Background and Purpose
The α7 and α4β2* (“*” denotes possibly assembly with another subunit) nicotinic acetylcholine receptors (nAChRs) are the most abundant nAChRs in the mammalian brain. These receptors are the most targeted nAChRs in drug discovery programmes for brain disorders. However, the development of subtype-specific agonists remains challenging due to the high degree of sequence homology and conservation of function in nAChRs.
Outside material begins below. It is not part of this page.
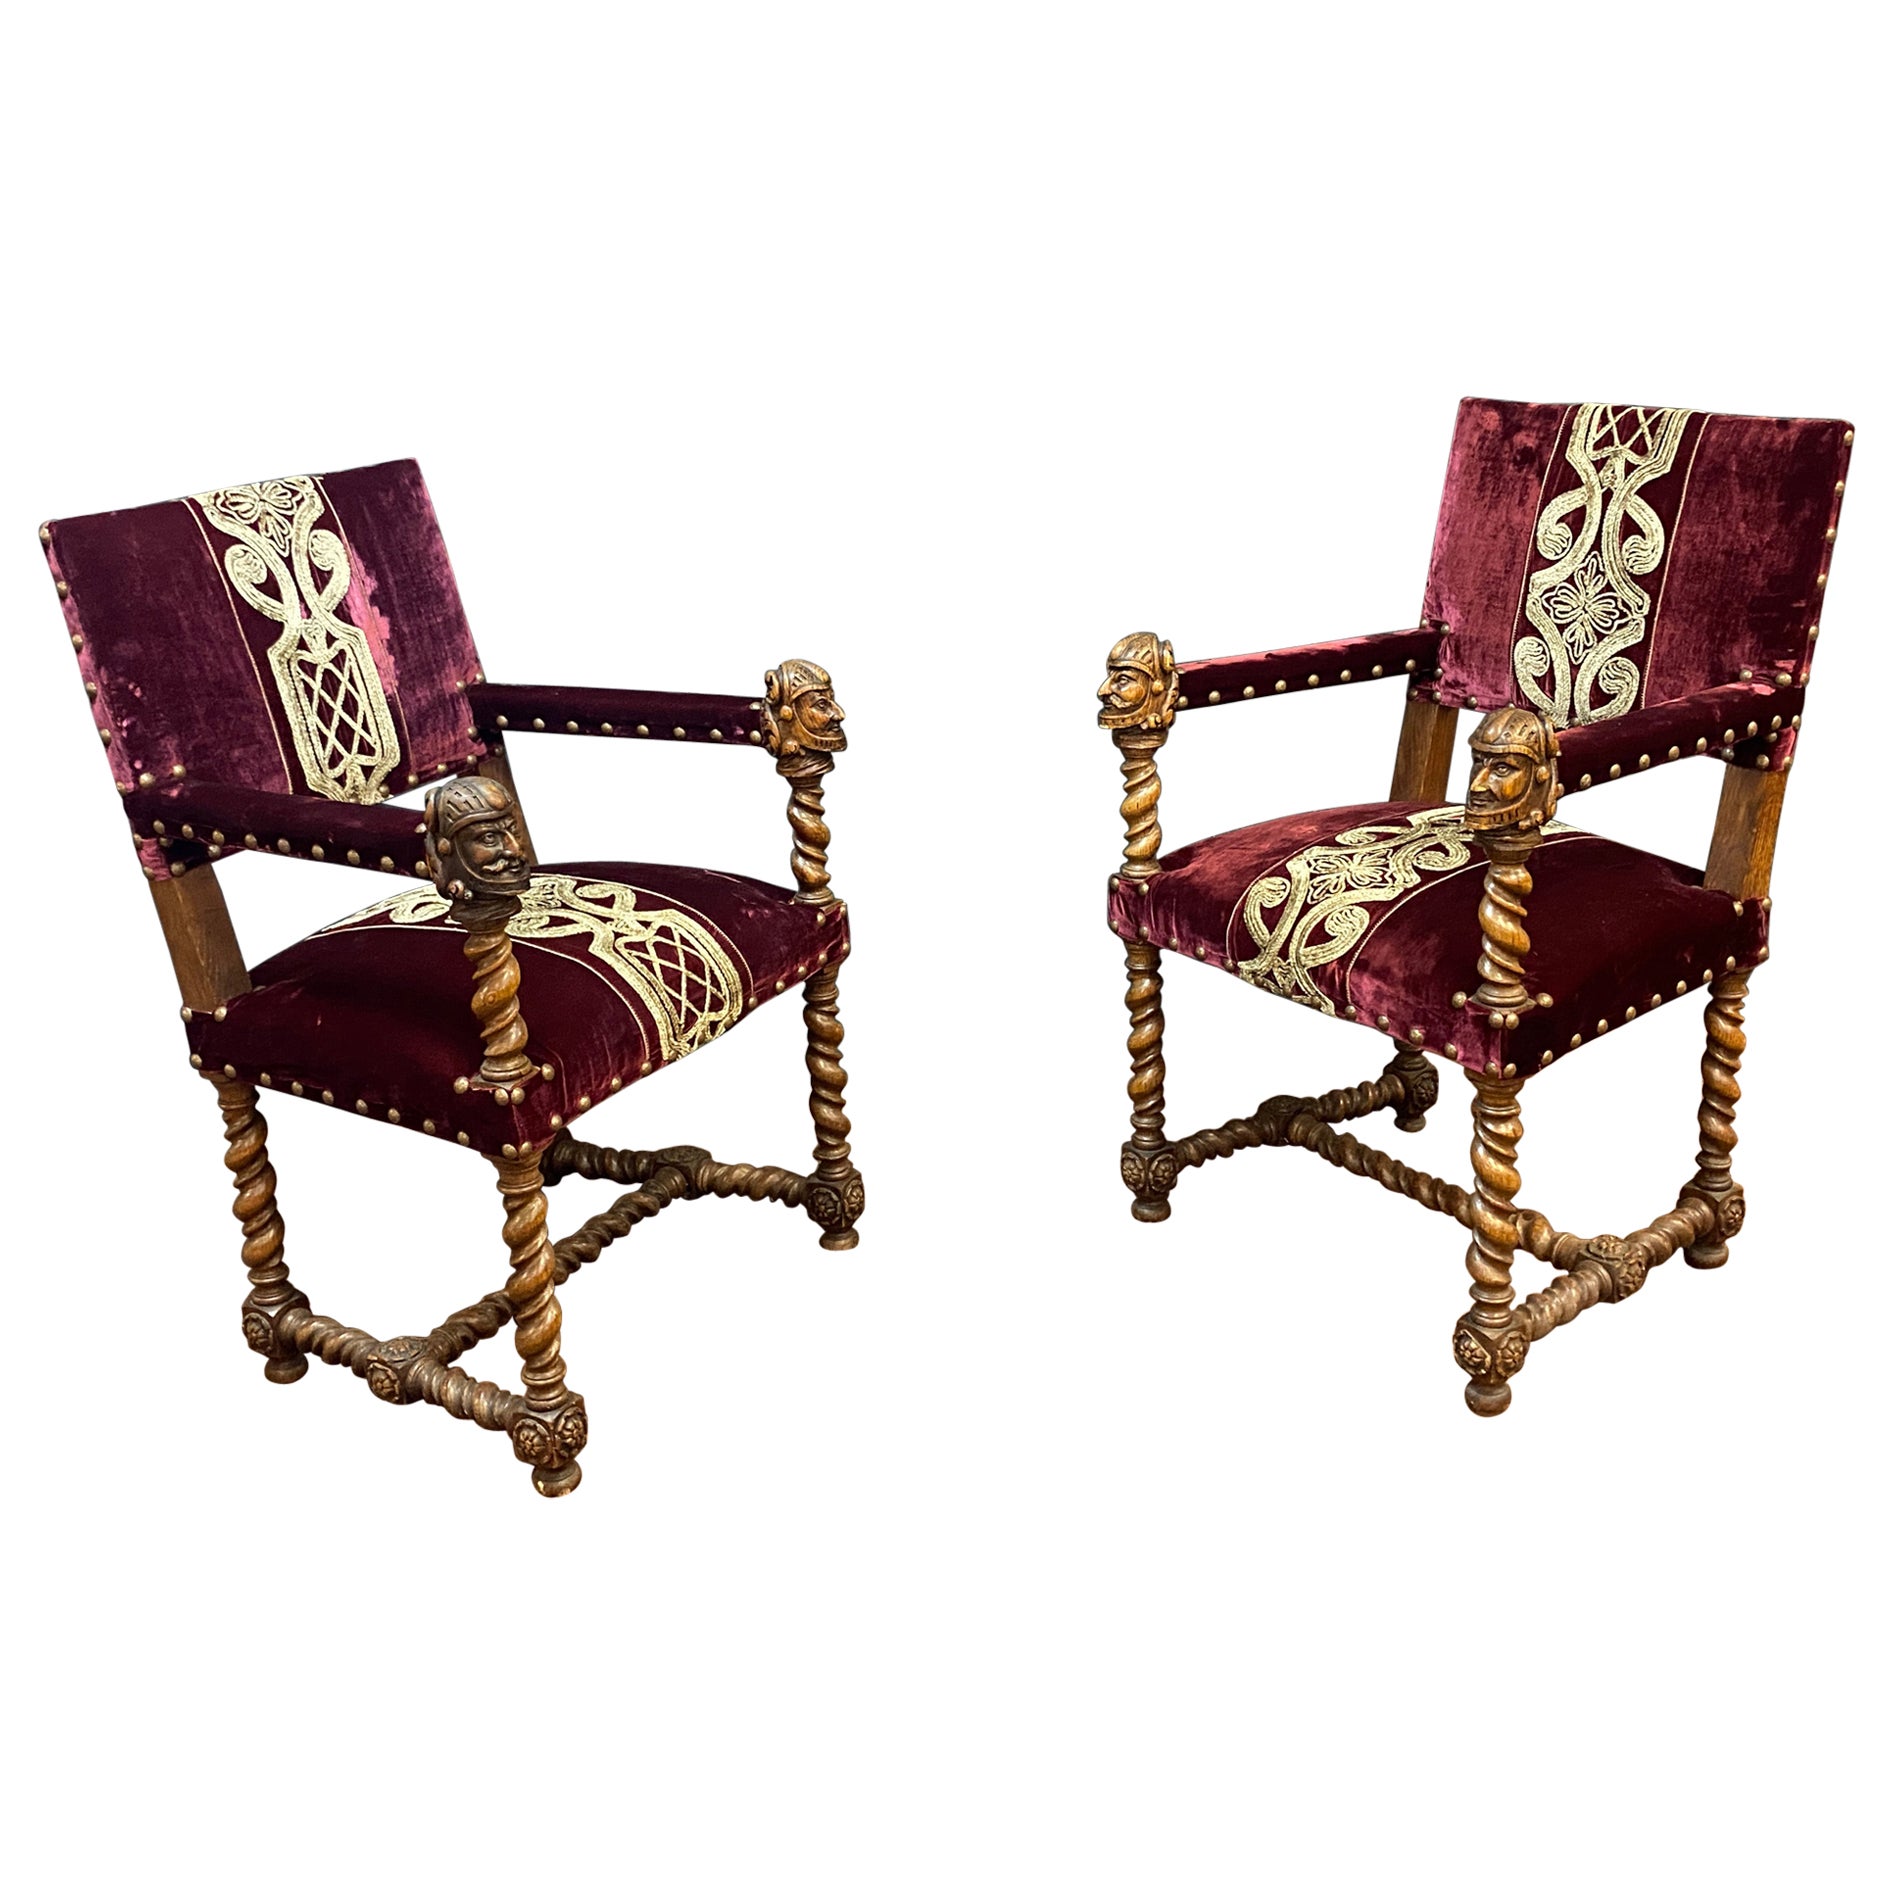 Paire de fauteuils originaux de style Louis XIII en chêne vers 1930, tissu neuf

We have developed C(10) variants of cytisine, a partial agonist of α4β2 nAChR that has been used for smoking cessation. The C(10) methyl analogue used in this study displays negligible affinity for α7 nAChR, while retaining high affinity for α4β2 nAChR.

Experimental Approach
The structural underpinning of the selectivity of 10-methylcytisine for α7 and α4β2 nAChRs was investigated using molecular dynamic simulations, mutagenesis and whole-cell and single-channel current recordings.

Key Results
We identified a conserved arginine in the β3 strand that exhibits a non-conserved function in nAChRs. In α4β2 nAChR, the arginine forms a salt bridge with an aspartate residue in loop B that is necessary for receptor expression, whereas in α7 nAChR, this residue is not stabilised by electrostatic interactions, making its side chain highly mobile. This lack of constrain produces steric clashes with agonists and affects the dynamics of residues involved in agonist binding and the coupling network.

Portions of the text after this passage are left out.